Jie Gao,Mohammed Hussain,Xiaokun Geng,Seong-Jin Moon,Yuchuan Ding,Zhe Cheng,Huishan Du

doi:10.14336/ad.2018.0922

Abstract

To investigate the safety and efficacy of intravenous administration of a standard dose of glycoprotein-IIb/IIIa inhibitor tirofiban after vessel recanalization by mechanical thrombectomy in acute ischemic stroke. A consecutive series of patients (n=112) undergoing endovascular ischemic stroke intervention therapy were enrolled. 81 patients were eligible for intravenous (IV) tirofiban treatment for 24 hours after mechanical thrombectomy. The incidence of symptomatic intracranial hemorrhage (sICH), death, National Institutes of Health Stroke Scale (NIHSS) and modified Rankin scale (mRS) were assessed. In the 81 patients receiving tirofiban, 52 patients (64.2%) were treated with IV rt-PA before mechanical thrombectomy. sICH was found in 2 (2.5%) patients with no fatal ICH. Four patients died during 3 months after stroke onset. Successful recanalization with thrombolysis in cerebral infarction (TICI) score ≥2b was achieved in 75 of 81 patients (92.6%) after mechanical thrombectomy. The average number of passes with Solitaire stent retriever was 1.3. At 3 months, 55 of 81 patients (67.9%) had favorable outcomes (mRS<=2). The intravenous application of a standard dose of tirofiban post-Solitaire stent retriever thrombectomy and intravenous thrombolysis appears to be safe and relatively effective in acute ischemic stroke.

Highlights

Intravenous rt-PA is the first-line treatment in acute ischemic stroke (AIS) within 4.5 hours of symptom onset, its use is limited by a narrow therapeutic time window and relatively poor revascularization rates
Tirofiban after Thrombectomy in Stroke retrievers has been recommended as the first-line treatment in AIS patients with large vessel occlusions (LVO) based on the new American Heart Association/American Stroke Association (AHA/ASA) clinical guidelines [14]
The indications for tirofiban administration after endovascular therapy were as follows: 1) establishing a clinical diagnosis of AIS, 2) presence of intracranial LVO, 3) utilization of a second-generation mechanical thrombectomy device (Solitaire stent) for endovascular therapy, 4) vessel recanalization (TICI≥1), 5) no intracerebral hemorrhage (ICH) seen on computed tomographic (CT) head

Summary

Introduction

Intravenous rt-PA is the first-line treatment in acute ischemic stroke (AIS) within 4.5 hours of symptom onset, its use is limited by a narrow therapeutic time window and relatively poor revascularization rates.

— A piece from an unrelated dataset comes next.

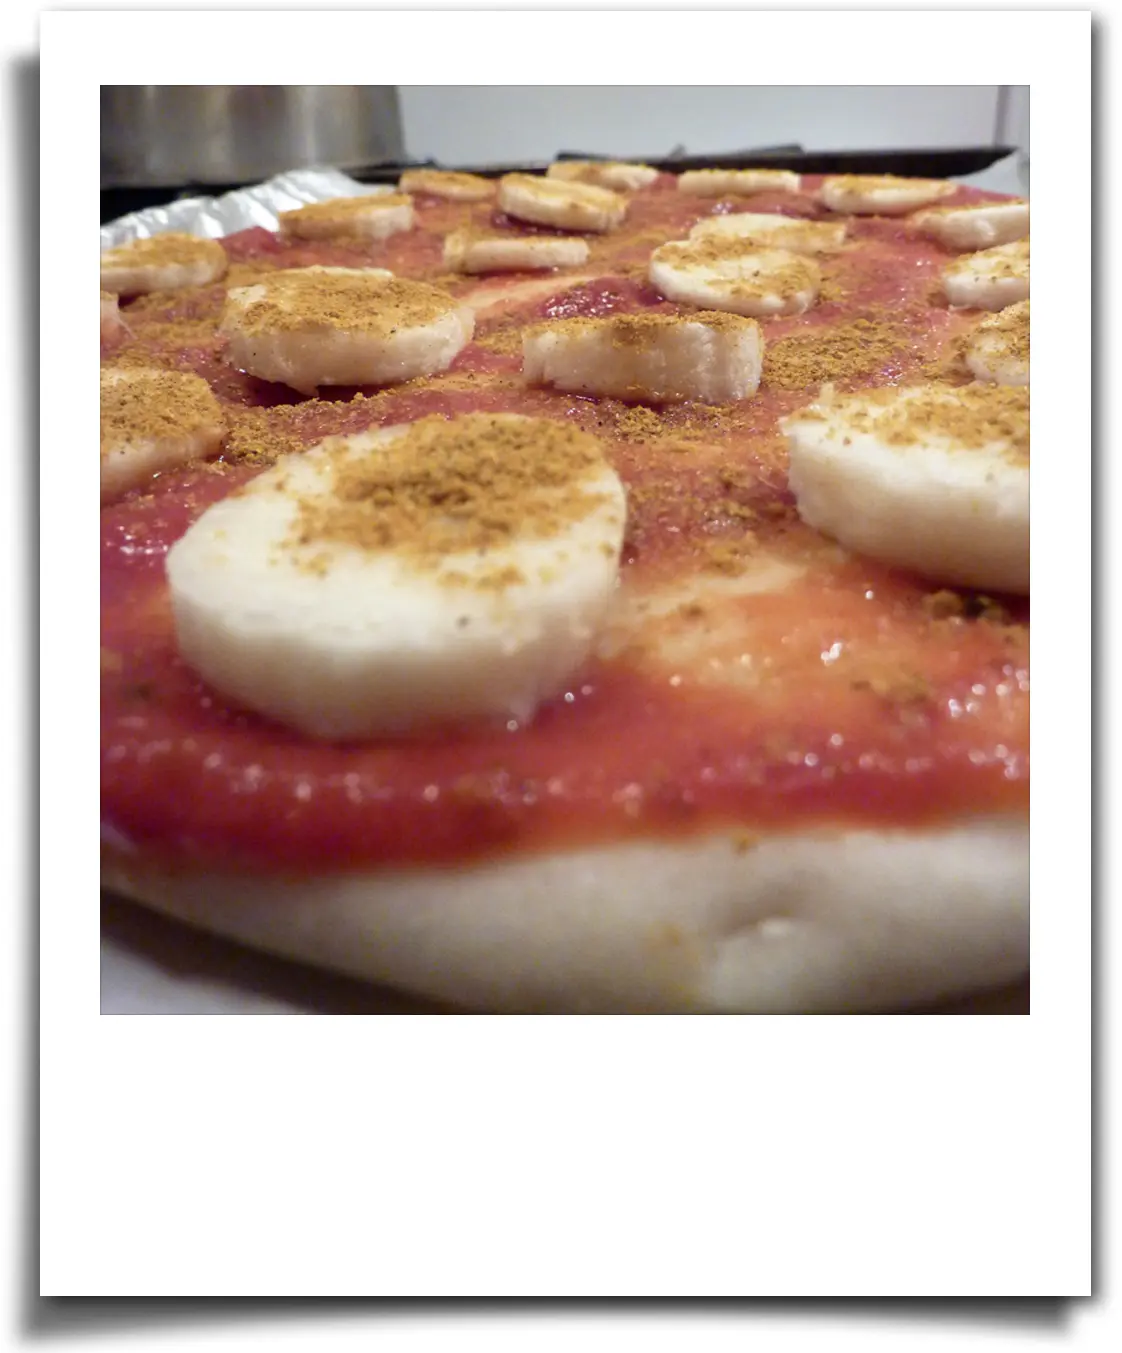 banana curry pizza sweden - What is Sweden's traditional pizza

The recently published five multicenter prospective randomized trials have demonstrated the utility and benefit of second-generation mechanical thrombectomy (MT) devices (primarily stent retrievers) among patients with AIS due to LVO [9,10,11,12,13]. An inherent risk of endovascular therapies involving MT (stent retriever/aspiration), angioplasty and stenting is the associated damage to the inner endothelial cell lining of a blood vessel, which leads to local platelet aggregation and subsequent early reocclusion and resultant thromboembolic complications [17, 18]. Some studies have considered the usage of tirofiban to prevent early reocclusion and mitigate thromboembolic complications as an adjunct to endovascular therapy [17, 22] This application serves as an adjunct to MT in order to prevent local platelet aggregation [23, 24].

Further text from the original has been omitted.